The following diagram shows how the responsibility for FIPS compliance is divided between Google and the customer across architectural layers of AlloyDB Omni.

The following table describes the FIPS boundaries and responsibilities for AlloyDB Omni:
| FIPS boundary layer | Responsibility | Description |
|---|---|---|
| FIPS-compliant hardware | Customer | Physical hardware and cryptographic components must be NIST-certified and configured in a FIPS-approved state. |
| Kubernetes nodes OS | Customer | The worker node host operating system—for example, RHEL—must run in FIPS mode. FIPS state must be verified (cat /proc/sys/crypto/fips_enabled returns 1). |
| Kubernetes control plane | Customer | Control plane components like kubelet and networking and storage plugins must use FIPS-validated cryptographic modules—for example, built with Go-BoringCrypto. |
| AlloyDB Omni operator controllers | Developed by Google, built on a FIPS-compliant base image (Red Hat UBI), with FIPS compliance enabled on the container on which the database is running. | |
| AlloyDB Omni container image | Uses FIPS-compliant cryptographic libraries like BoringSSL and enforces FIPS-approved algorithms for password hashing (scram-sha-256) and TLS cipher suites. |
|
| Certificates from custom CA | Shared | Digital certificates must meet FIPS standards for key strength and signature algorithms. The certificate chain must trace back to a FIPS-compliant Root CA. |
STIG shared responsibility
The Defense Information Systems Agency (DISA) publishes Security Technical Implementation Guides (STIGs) to establish cybersecurity standards and hardening requirements for software, operating systems, and databases. These guides define specific security parameters to protect systems from vulnerabilities and cyber threats.

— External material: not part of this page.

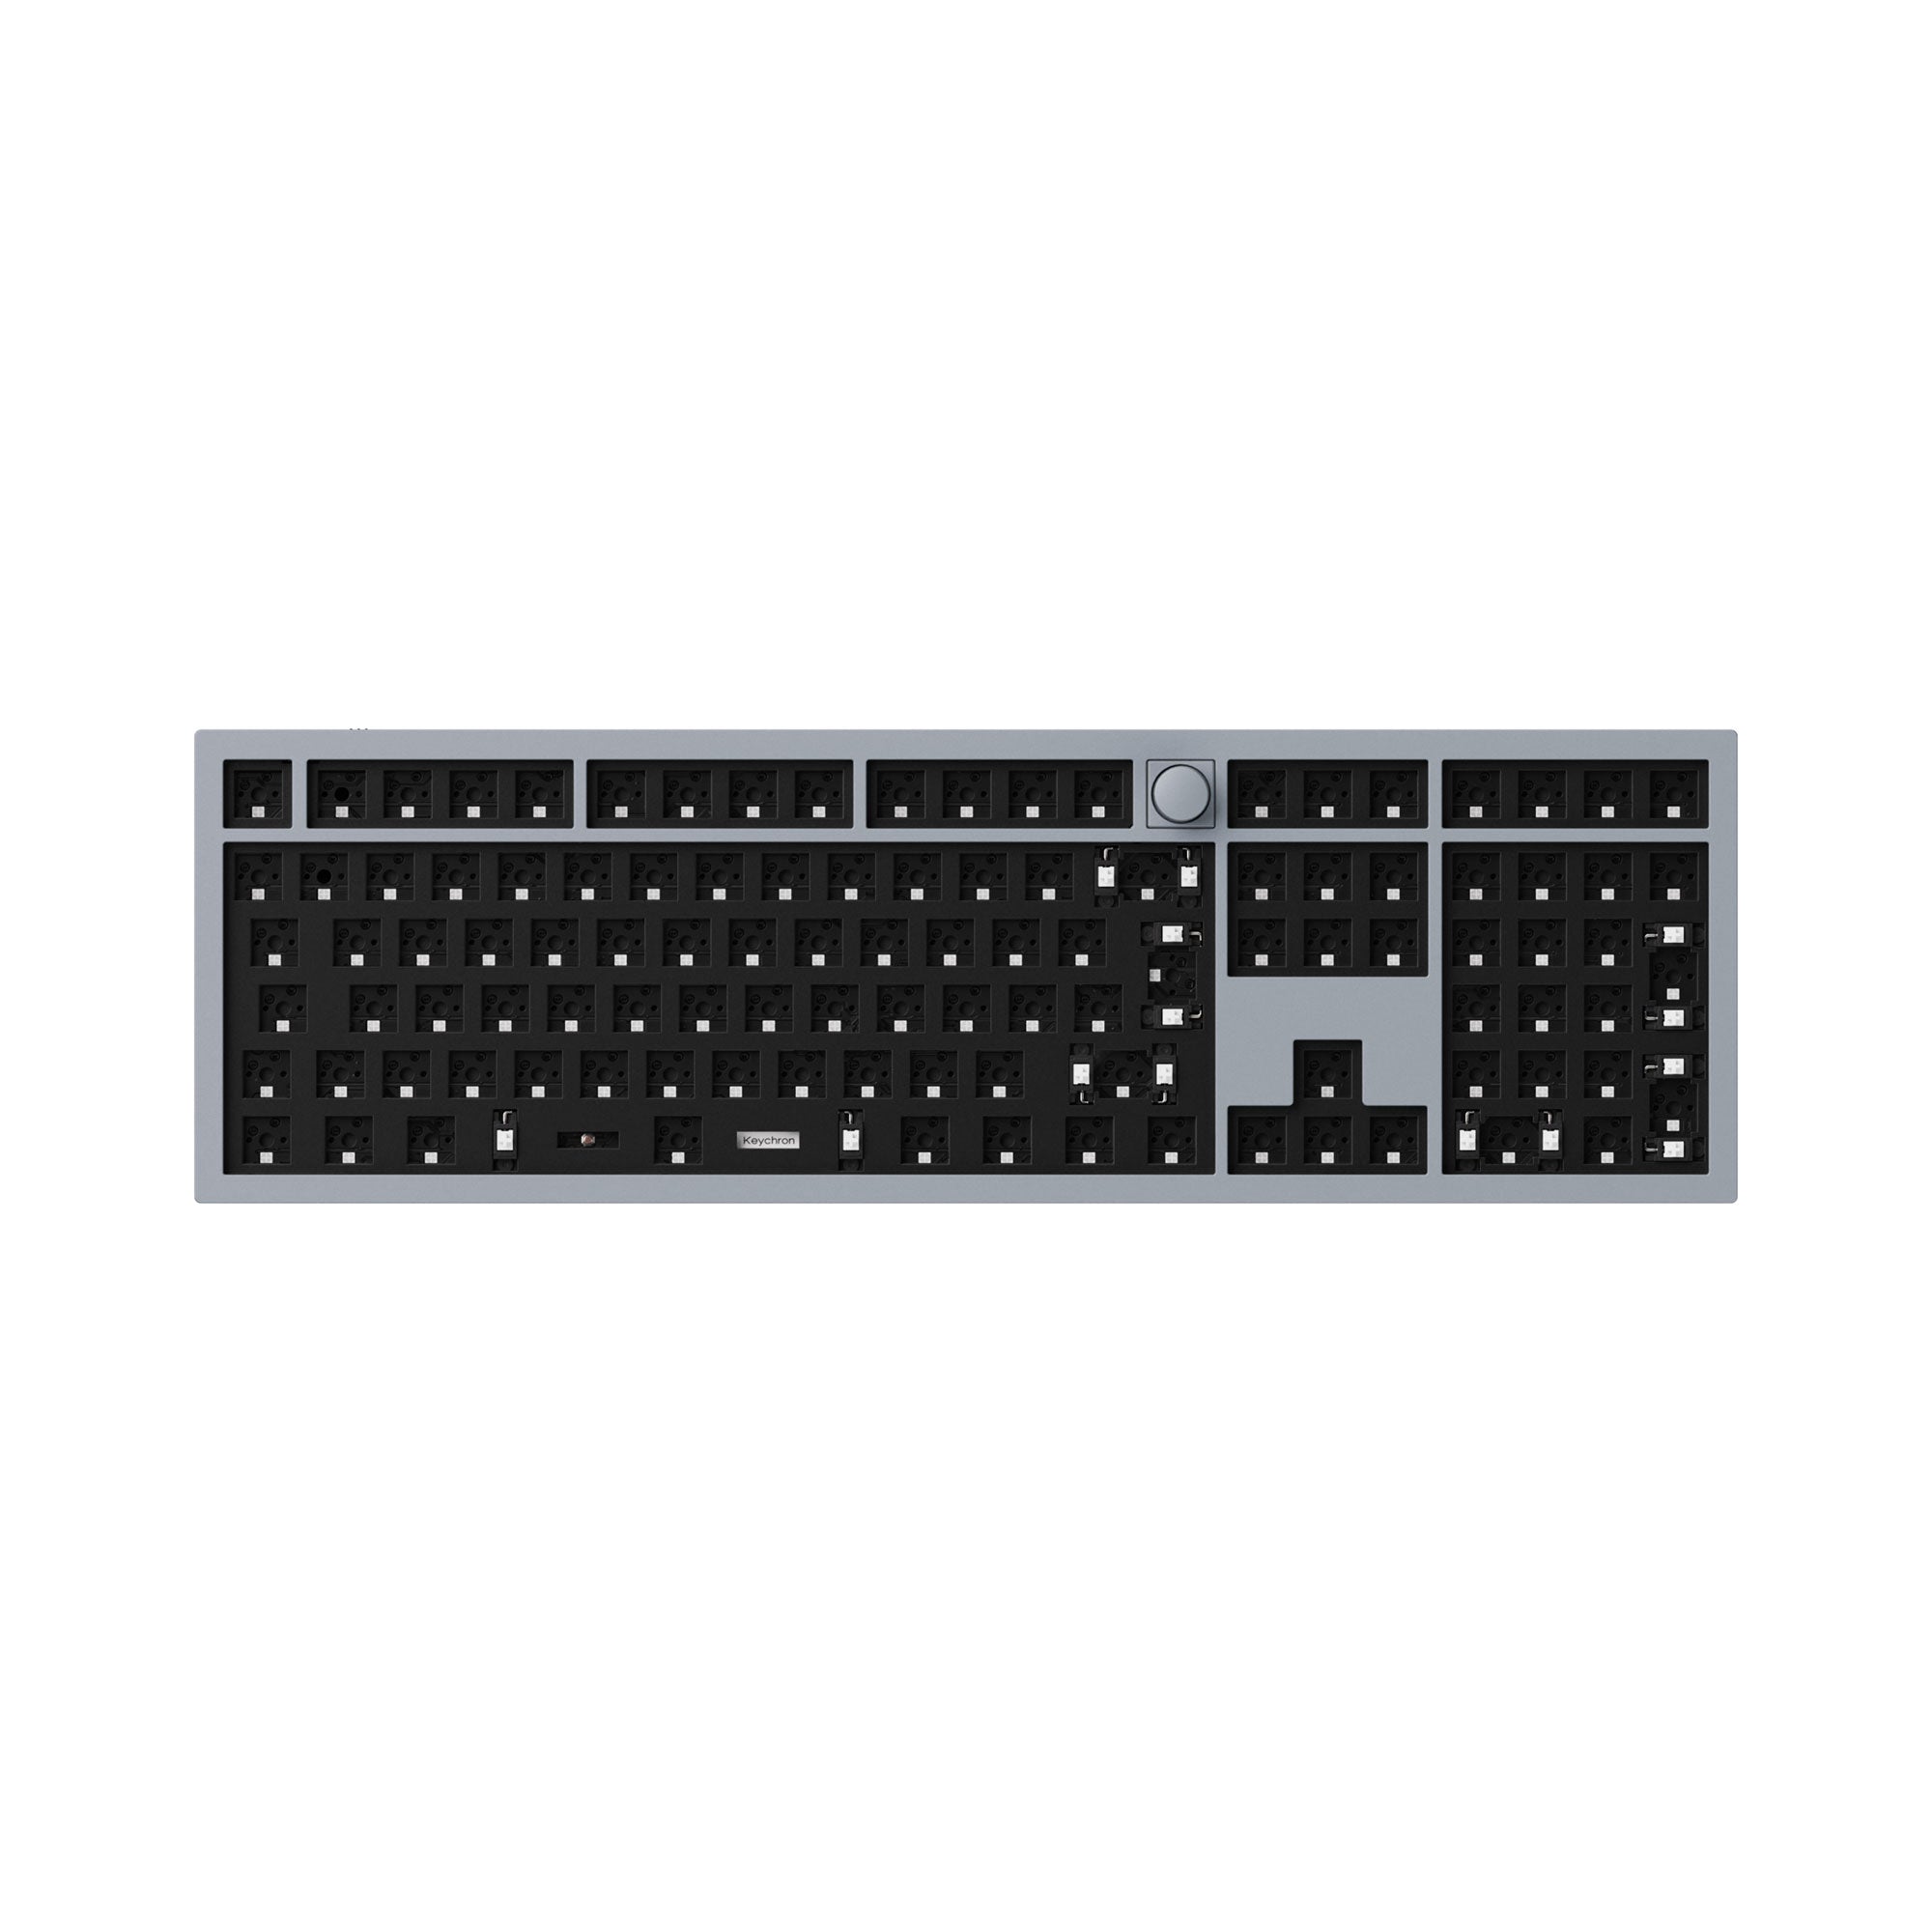 Keychron Q6 QMK/VIA custom mechanical keyboard knob version full size aluminum for Mac Windows Linux barebone grey frame

For a complete list of STIG rules, see AlloyDB Omni STIG compliance.
Hardening your environment according to STIG requirements is essential for obtaining an Authorization to Operate (ATO) in highly secure or government sectors. While AlloyDB Omni implements many database-level security controls by default, achieving full STIG compliance is a shared responsibility that requires the customer to configure and verify infrastructure-level settings.
The following table lists all STIG vulnerability IDs that require action, validation, or configuration by the customer. For comprehensive information, see the PostgreSQL 9.x on Red Hat Enterprise Linux Security Technical Implementation Guide (STIG) compliance checklist.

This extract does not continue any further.